The exhaust manifold is a shared component across all TD and TF engines, collecting exhaust gases from the cylinder head and directing them into the front pipe. The manifold-to-head mounting hardware is also shared with the inlet manifold, creating an interconnected assembly where both manifolds must be addressed together during any gasket replacement.
The Manifold Assembly
The cast iron exhaust manifold is a single casting that serves all four cylinders, bolted to the exhaust side of the cylinder head. It shares its mounting hardware with the inlet manifold: four studs thread into the cylinder head, carrying four clamps and four nuts that hold both manifolds simultaneously against a single shared gasket. The manifold studs, clamps, nuts, and the shared gasket are common across all TD and TF specifications. Because the gasket is one piece covering the mating faces of both manifolds, exhaust manifold removal inevitably disturbs the inlet manifold seal, and the gasket should always be renewed when either manifold is removed, not reused.
Manifold-to-Downpipe Connection
The three-stud flange connecting the manifold to the exhaust front pipe uses brass nuts specifically to resist heat-induced seizure. Ordinary steel nuts will corrode and weld themselves to the studs over years of heat cycling, making future removal extremely difficult, brass resists this effect. The manifold-to-downpipe gasket seals this connection and should be renewed at every removal. The studs themselves are subject to heat cycling stress and should be inspected for stretching and thread condition when the joint is disturbed; a cracked or broken stud will cause an exhaust blow at the flange joint, and extraction of a broken stud from the cast iron manifold requires careful specialist work to avoid cracking the manifold itself.
Manifold Condition Assessment
Cast iron exhaust manifolds are not immune to cracking after decades of thermal cycling. Hairline cracks typically develop between the exhaust ports and may not be visible externally until the manifold is cleaned and inspected closely. A cracked manifold will cause an exhaust blow audible as a ticking noise from the engine bay, most noticeable at idle and under light load. Cracks can sometimes be repaired by specialist welding, but replacement is the more reliable long-term solution for a manifold that has cracked significantly.

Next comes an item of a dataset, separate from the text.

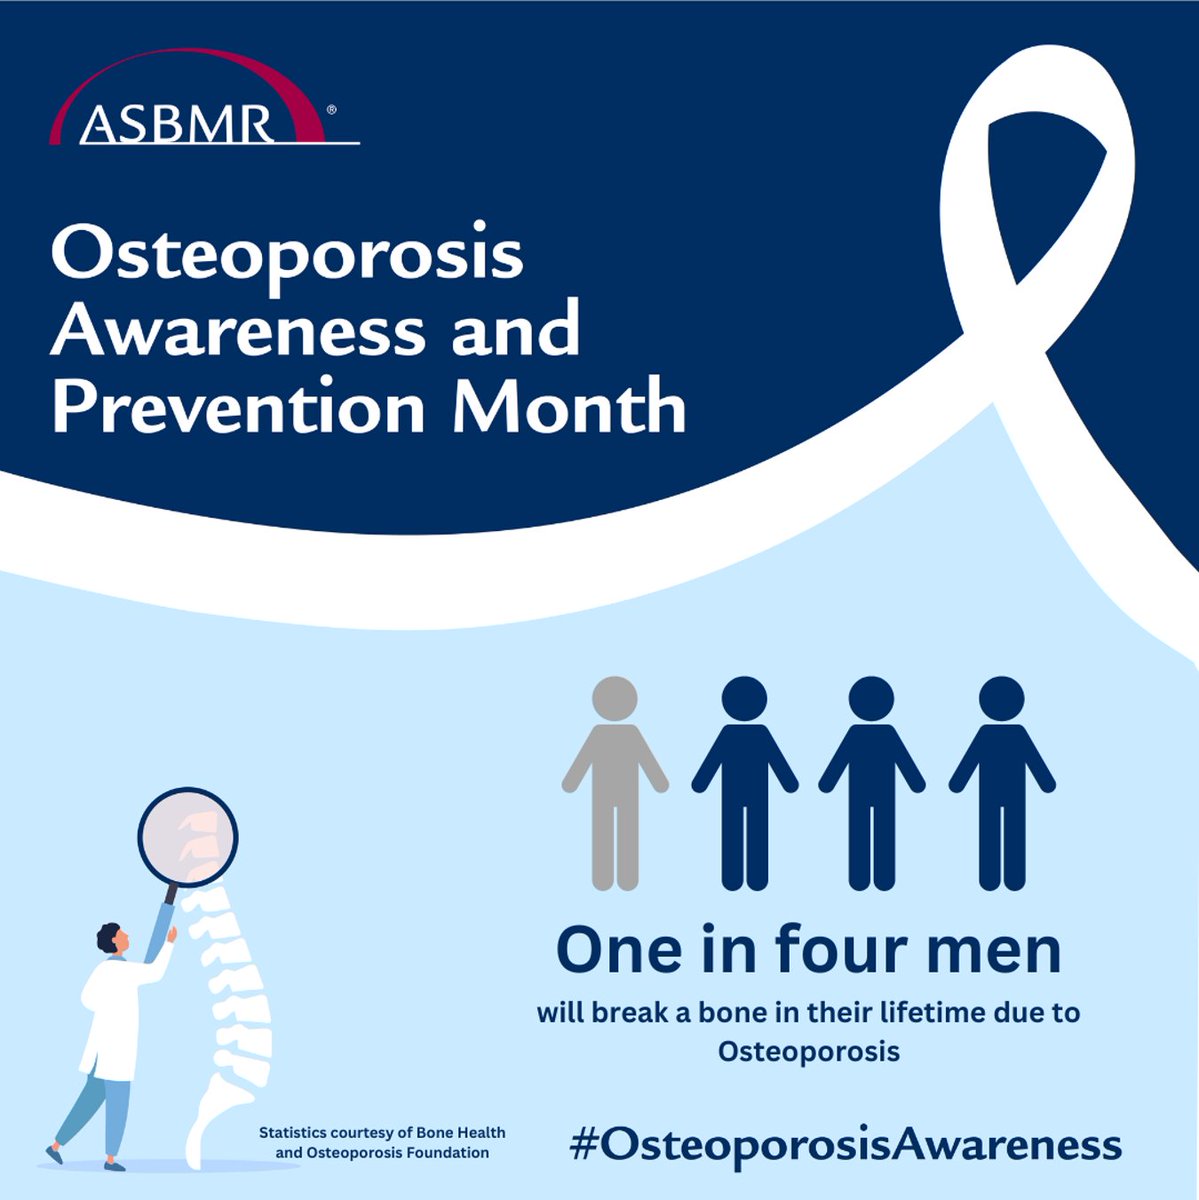 Osteoporosis impacts millions of Americans. According to @bonehealthBHOF, one in two women and one in four men will break a bone due to osteoporosis. #OsteoporosisAwareness

When assessing a manifold's condition, check for warpage of the head mating face as well as cracks, a warped manifold will not seal cleanly against the head and will cause persistent exhaust leaks regardless of the gasket specification fitted.
Ordering Considerations
The exhaust manifold itself, its mounting hardware, and its gaskets are common across the TD and TF. When ordering manifold-related parts, the single shared manifold-to-head gasket should always be renewed together, it is not a separate inlet gasket or exhaust gasket but one combined component. Brass nuts should always be used at the manifold-to-downpipe flange; steel replacements will create a seizure problem at the next removal. The manifold-to-downpipe gasket should be renewed at every disassembly, regardless of the gasket's apparent condition.